The Yale Murder. Not that one. The other one.

I noticed in the New York Times an obituary for Jack Litman, an attorney who defended a lot of people who weren't such nice people. He handled a few notorious murder trials, and the Times named two in particular: one, the Robert Chambers/Jennifer Levin trial, "the Preppy Murder," which I actually remember, dimly (I was a teenager when it happened), and also a murder trial that was called "the Yale Murder." It was interesting to me that the Times made a point of referring to the Yale Murder, because, what with the latest big Yale murder, the Annie Le case, in all the coverage of that case I kept looking in the media for a reference to the earlier murder, and never saw it. I would have thought that someone would have brought it up, but, no, it never happened.

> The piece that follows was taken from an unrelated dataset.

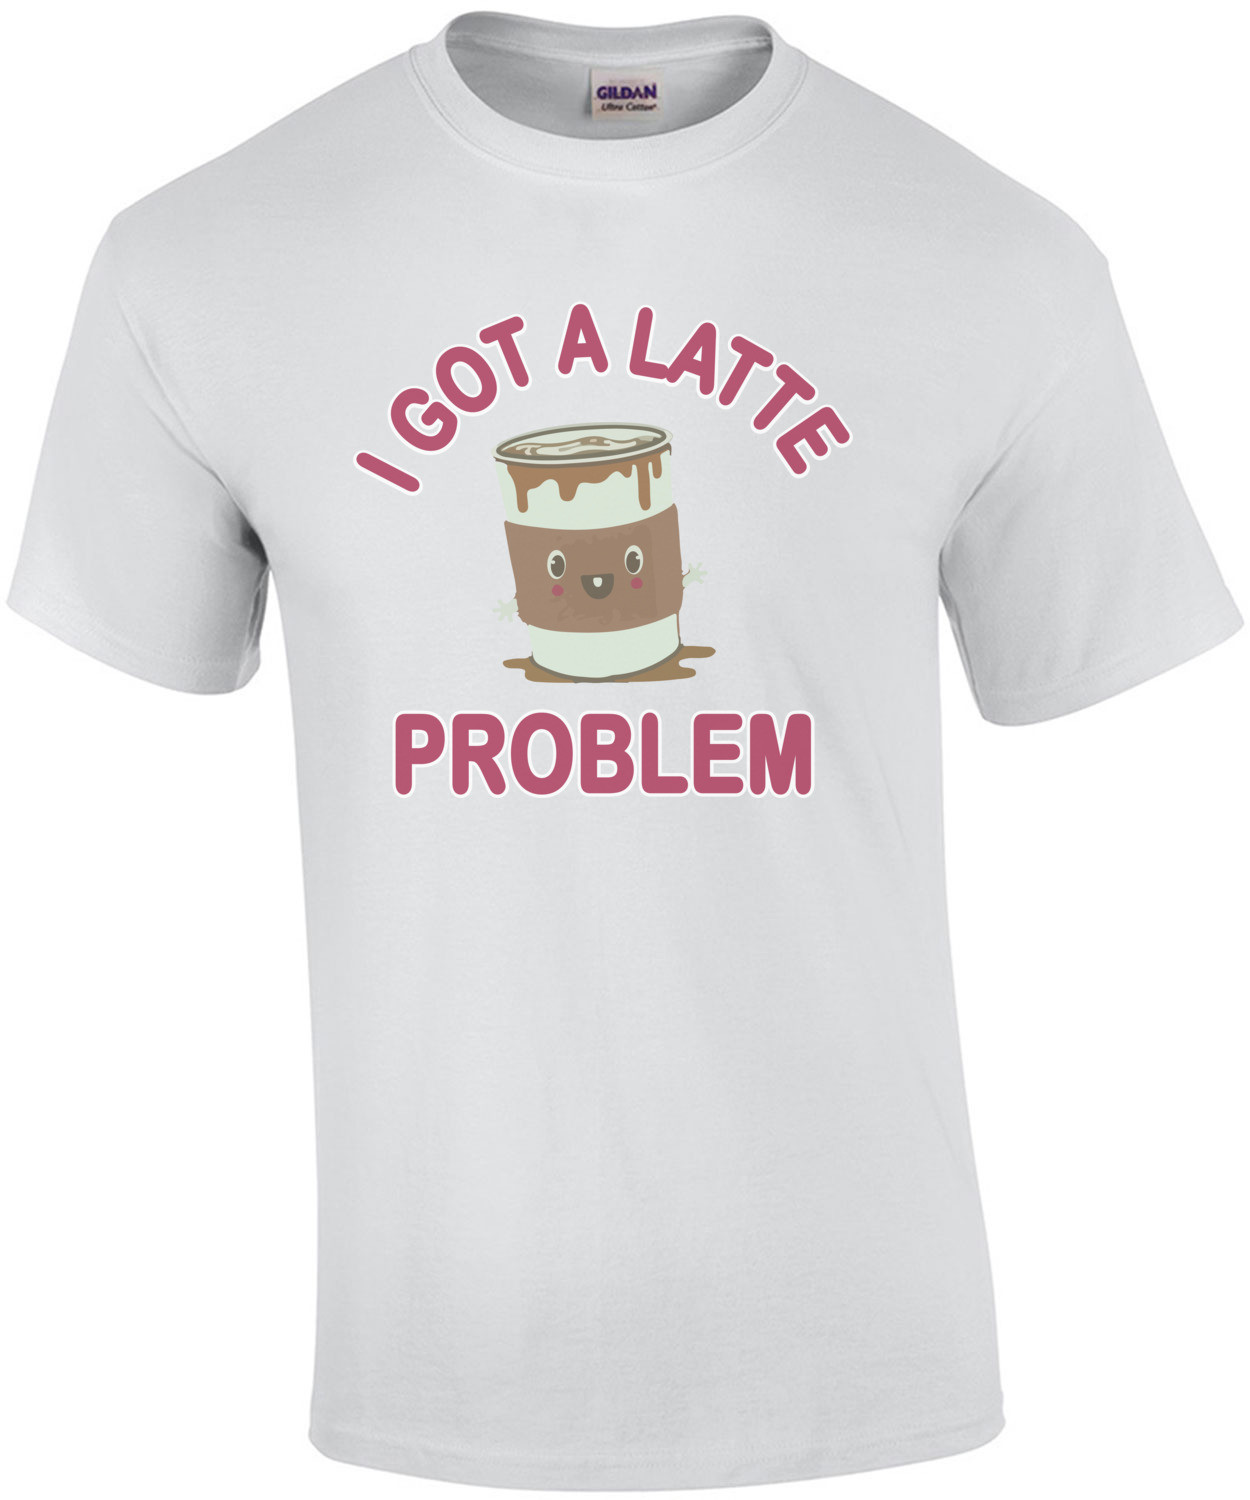 I Got A Latte Problem - Funny Cute T-Shirt

The only reason I know about the Yale Murder is that someone once asked me to locate a copy of the true crime book that it inspired. I located a copy for the customer, and then, because I like reading true crime, I got another copy for myself (finding it by chance at a junk shop, ironically, after putting actual effort into finding the customer his copy). I still have it. It's a bright magenta mass market paperback. Presumably for legal reasons the publisher was prevented from using Yale blue...

Now out of print, the book tells the story of the people involved in the case -- Richard Herrin and Bonnie Garland, two Yale undergrads who were involved in a relationship that had a bad ending (when Herrin killed Garland in her parents' Westchester house). This happened in the 1970s, and while I was here at the time, I was too young to have been aware of it.

I find it sort of weird that the "original" Yale Murder has become such an obscure historical fact, even here in New Haven, where I feel like we all have such long memories for things like this. People talk about Penny Serra like it happened yesterday. But the "Yale Murder"? Nope.

Maybe it's because Bonnie Garland wasn't actually murdered in New Haven. But even so. Even so. It's a Yale crime. Where did it go in our collective memories? Bonnie Garland is now, it seems, just a little note in Jack Litman's obituary.